Fastmail does not support any kind of API for syncing Sieve rules. There is an official standard for this, called MANAGESIEVE, but the technology stack Fastmail uses doesn’t support it. I’ve filed tickets over the years that mostly got filed away as future features.

When I first joined Fastmail, their website was entirely classic html forms. Being no slouch, I had a python mechanize script that would log in as me, then navigate to the upload form, and submit it. This worked well for years. I had a workflow where I’d make a sieve change, sync via script, see that it generated no errors, then commit. I have 77 commits to my sieve rules repository going back to 2013.

But, a couple of years ago the Fastmail team refreshed their user interface to a Javascript based UI (called Overture). It’s a much nicer UI, but it means it only works with a javascript enabled browser. Getting to the form box where I can upload my sieve rules is about 6 clicks. I stopped really tweaking the rules regularly because of the friction of updating them through clear / copy / paste.

Using Selenium for unintended purposes

Selenium is pretty amazing web test tool. It gives you an API to drive a web browser remotely. With recent versions of Chrome, there is even a headless chrome driver, so you can do this without popping up a graphics window. You can drive this all from python (or your language of choice).

An off hand comment by Nibz about using Selenium for something no one intended got me thinking: could I manage to get this to do my synchronization?

Answer, yes. Also, this is one of the goofiest bits of code that I’ve ever written.

#!/usr/bin/env python3

import configparser
import os
import sys

from selenium import webdriver
from selenium.webdriver.chrome.options import Options
from selenium.webdriver.common.keys import Keys
from selenium.common.exceptions import TimeoutException
from selenium.webdriver.support.ui import WebDriverWait
from selenium.webdriver.support import expected_conditions as EC
from selenium.webdriver.common.by import By

config = configparser.ConfigParser()
config.read("config.ini")

chrome_options = Options()
chrome_options.add_argument("--headless")
driver = webdriver.Chrome(executable_path=os.path.abspath("/usr/local/bin/chromedriver"),
                          chrome_options=chrome_options)

driver.get("https://fastmail.fm")

timeout = 120
try:
    element_present = EC.presence_of_element_located((By.NAME, 'username'))
    WebDriverWait(driver, timeout).until(element_present)
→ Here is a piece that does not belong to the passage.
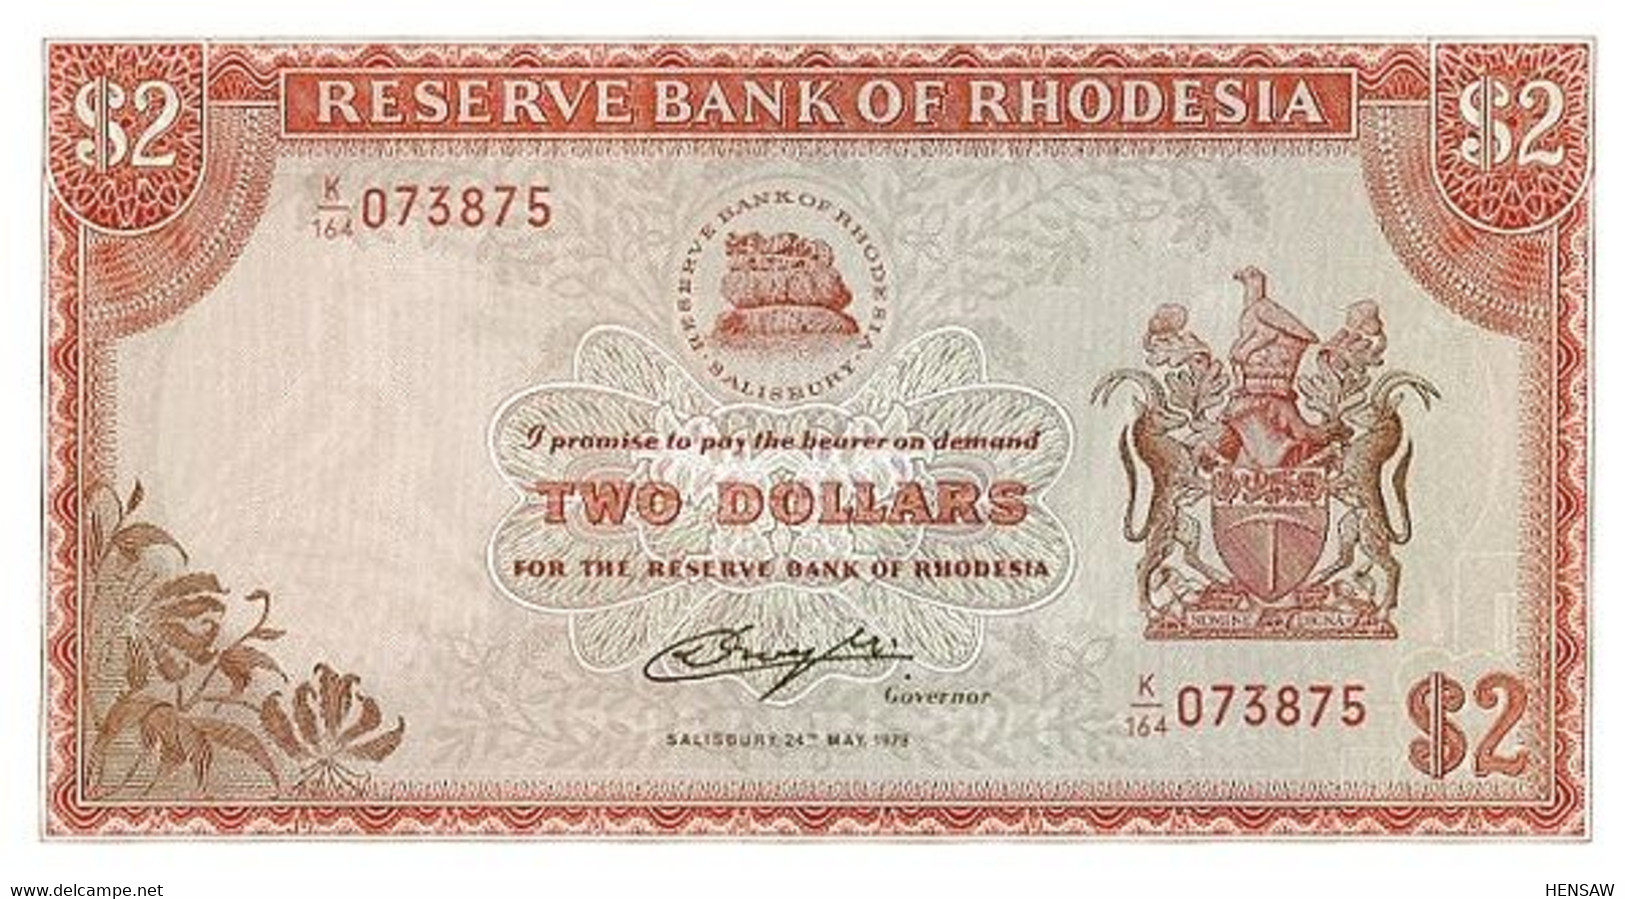 RHODESIA 2 DOLLARS 1979 P 39 UNC SC NUEVO - Rhodesia

    # Send login information

    user = driver.find_element_by_name("username")
    passwd = driver.find_element_by_name("password")
    user.send_keys(config["default"]["user"])
    passwd.send_keys(config["default"]["pass"])
    driver.find_element_by_class_name("v-Button").click()

    print("Logged in")

    # wait for login to complete
    element_present = EC.presence_of_element_located((By.CLASS_NAME, 'v-MainNavToolbar'))
    WebDriverWait(driver, timeout).until(element_present)

    # click settings menu to make elements visible
    driver.find_element_by_class_name("v-MainNavToolbar").click()

    # And follow to settings page
    driver.find_element_by_link_text("Settings").click()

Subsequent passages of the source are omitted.